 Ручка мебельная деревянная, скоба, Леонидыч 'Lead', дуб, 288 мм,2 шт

...

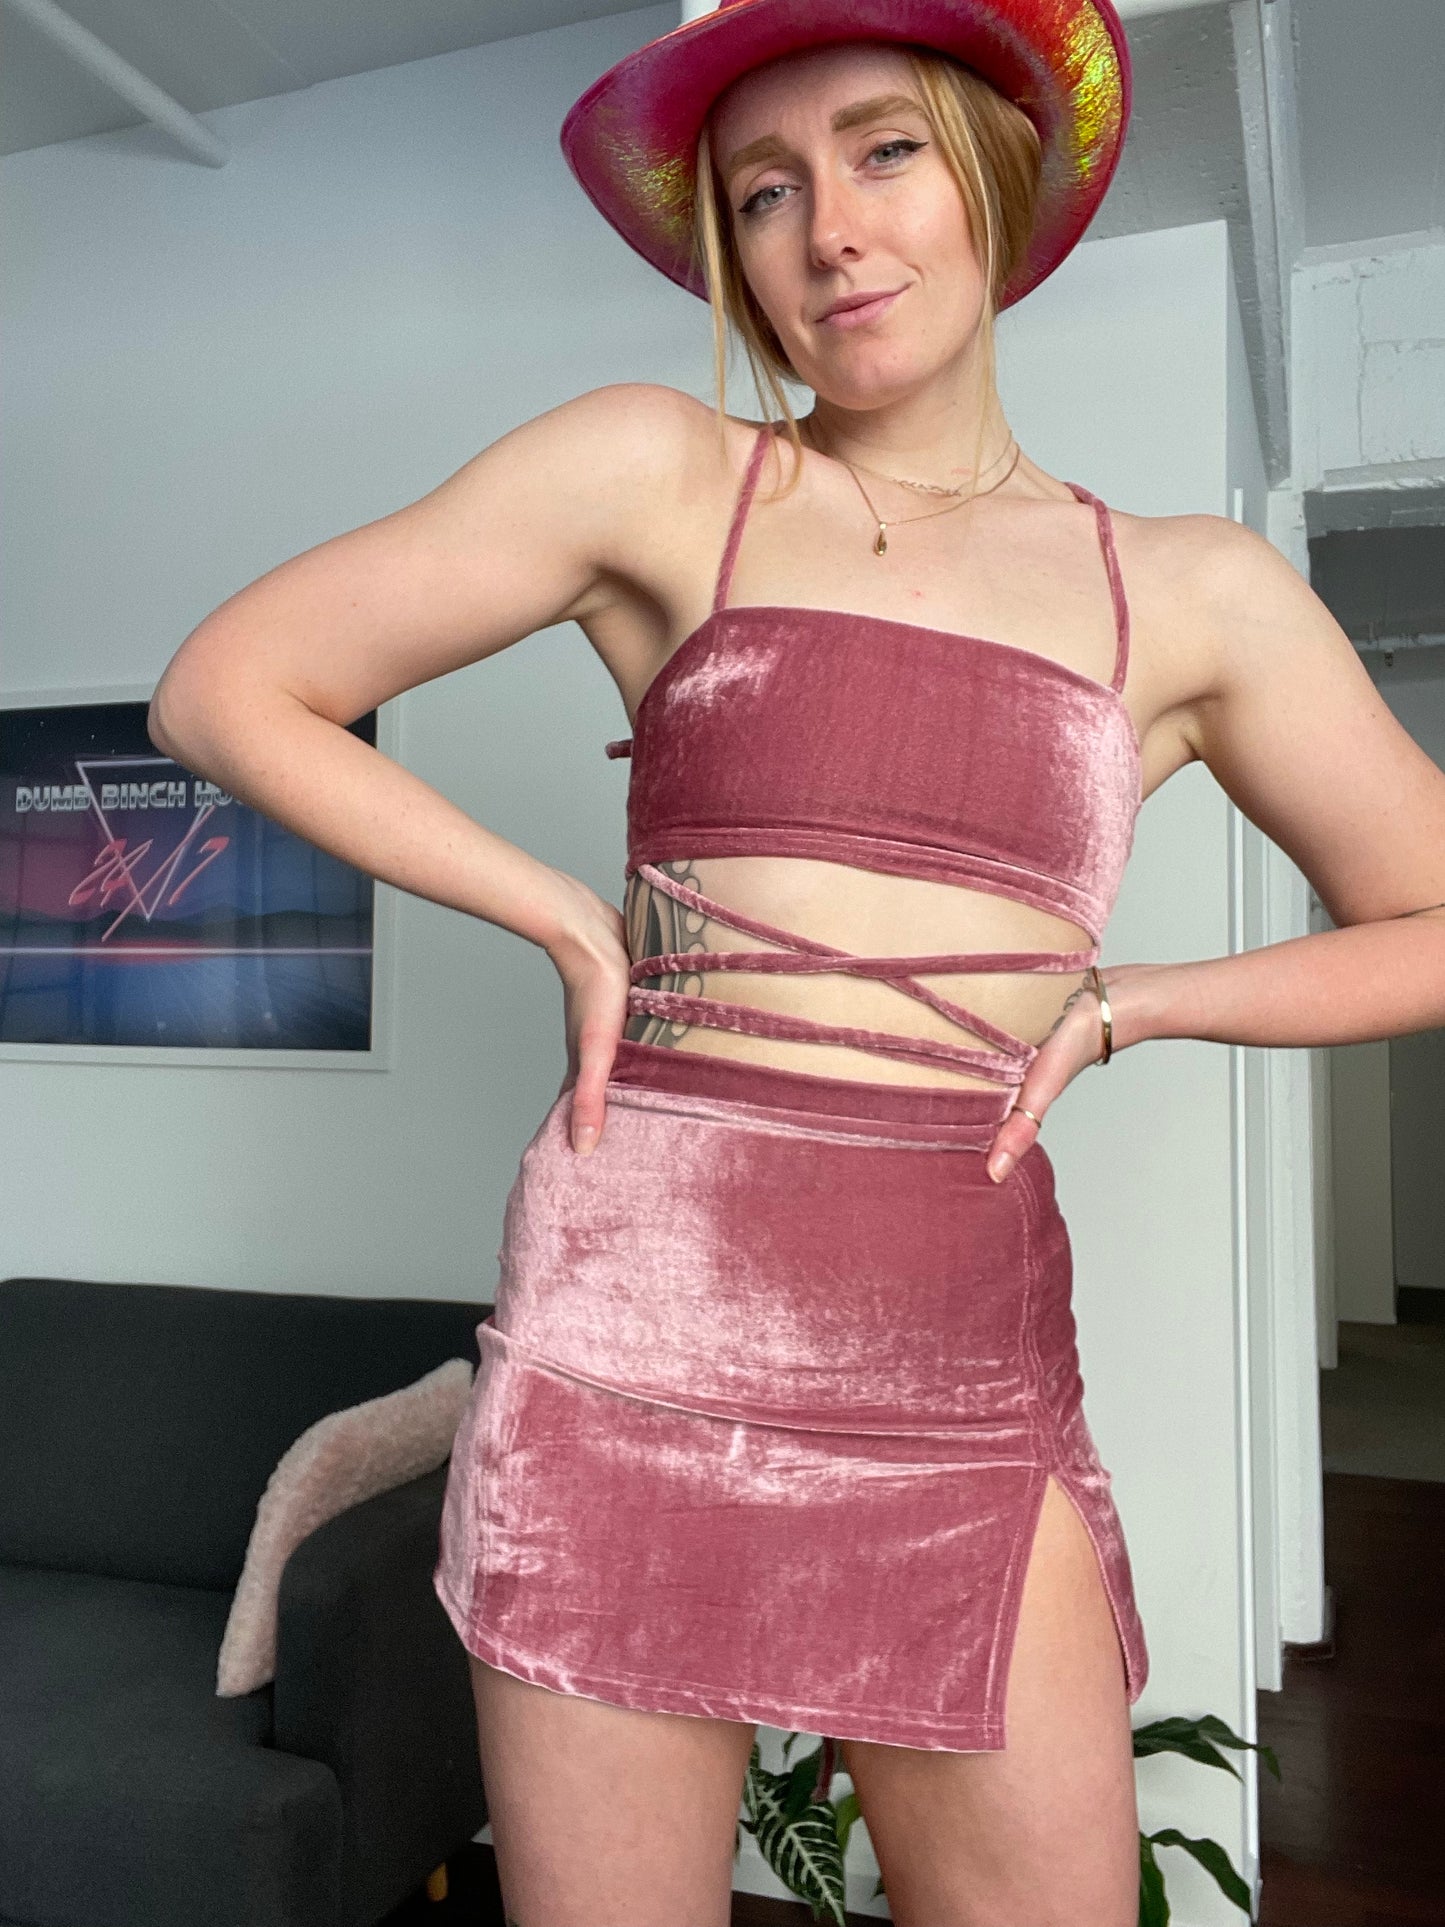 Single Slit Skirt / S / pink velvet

==

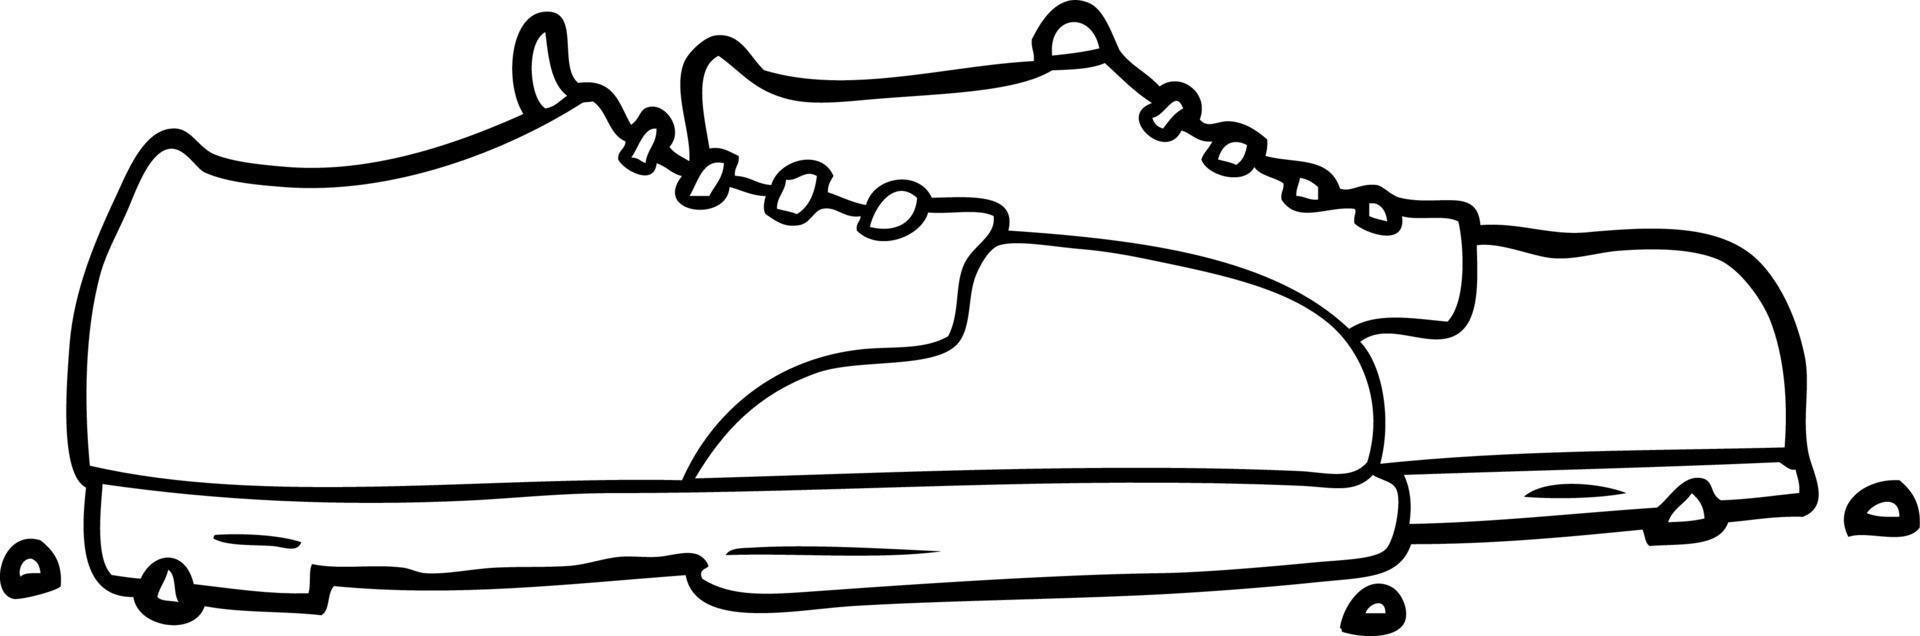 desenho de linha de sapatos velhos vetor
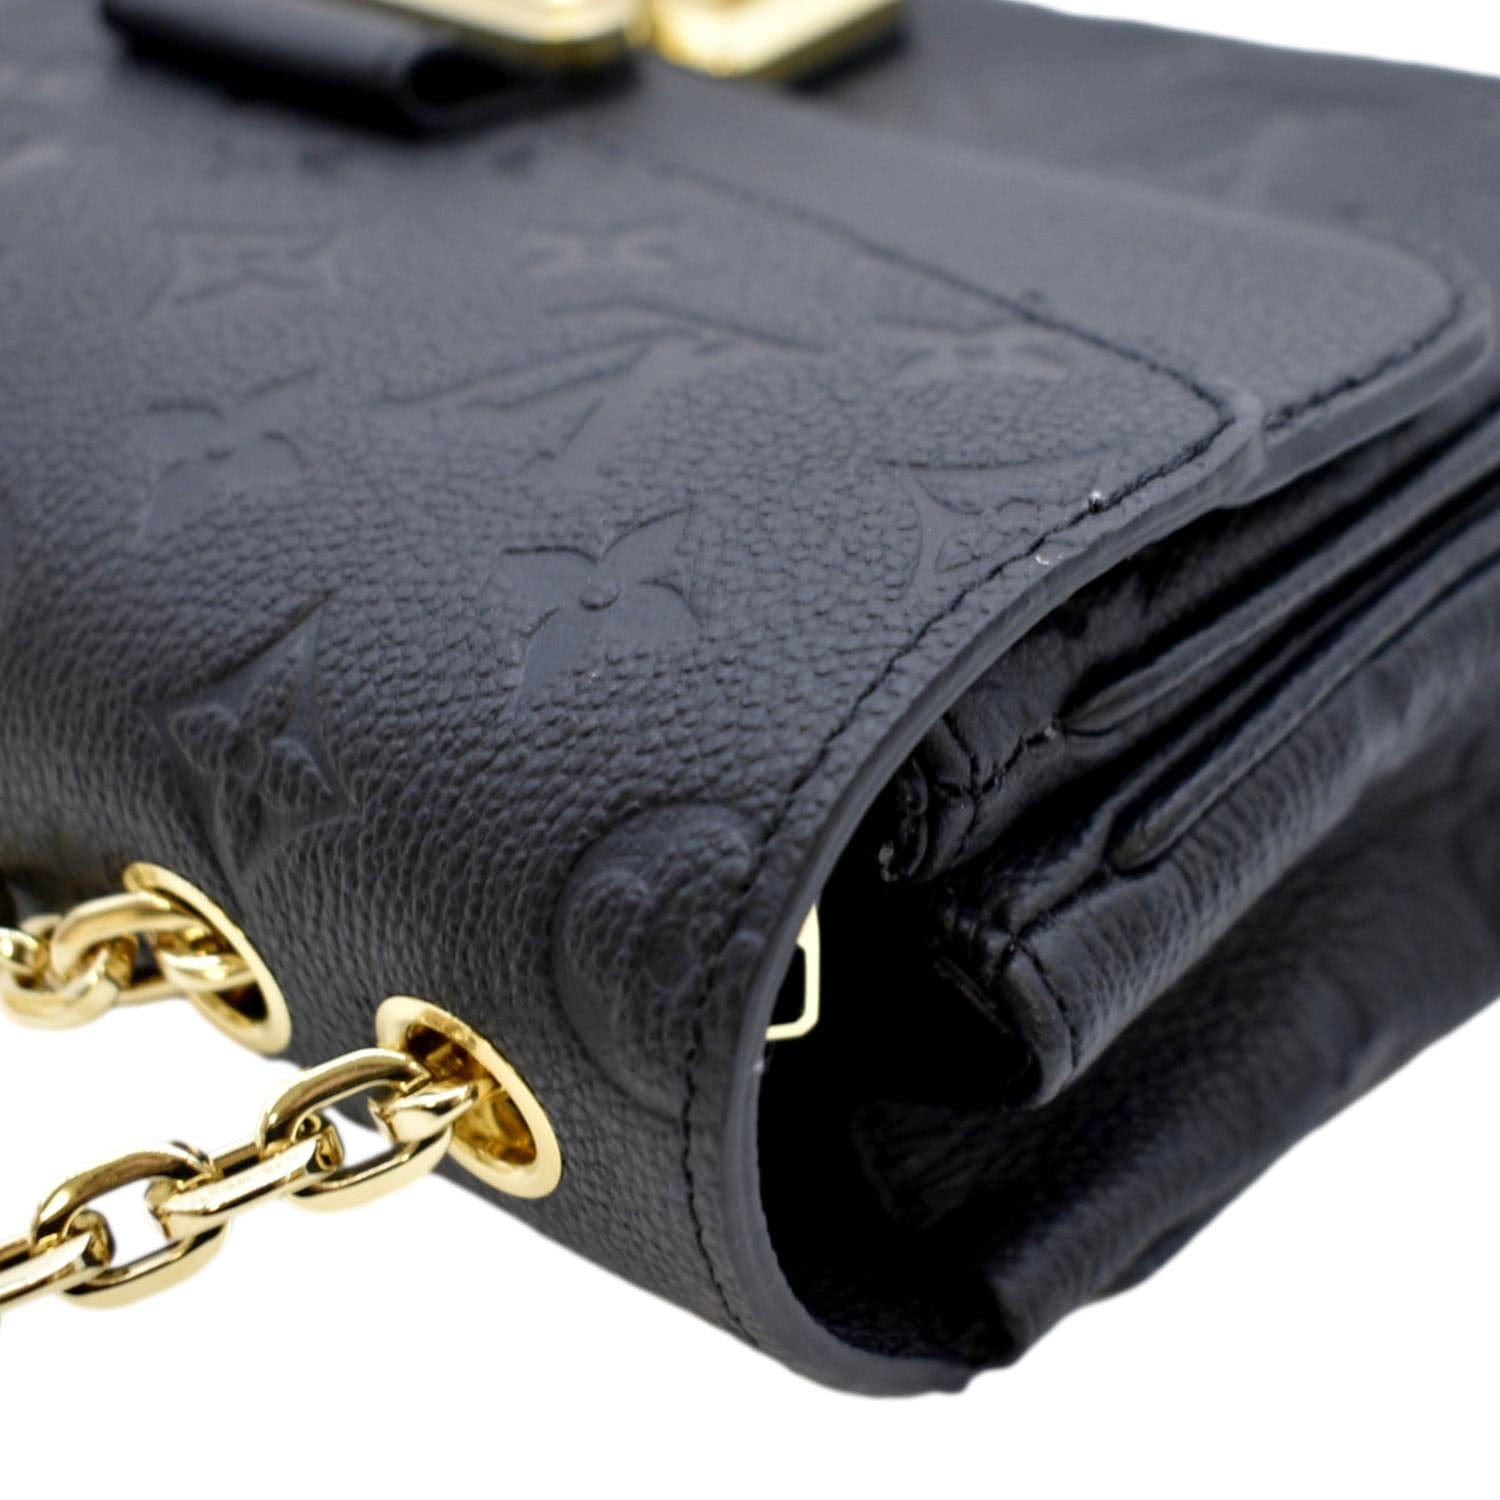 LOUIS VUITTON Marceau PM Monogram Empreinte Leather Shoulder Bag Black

§ **DESCRIPTION OF THE TASK**
Above are some records. Output exactly the lines from the one that contains "desenho de linha de sapatos velhos vetor" to the one that contains "LOUIS VUITTON Marceau", keeping both, and omit the pictures.

§ **EXERCISE RESULT**
 desenho de linha de sapatos velhos vetor
 LOUIS VUITTON Marceau PM Monogram Empreinte Leather Shoulder Bag Black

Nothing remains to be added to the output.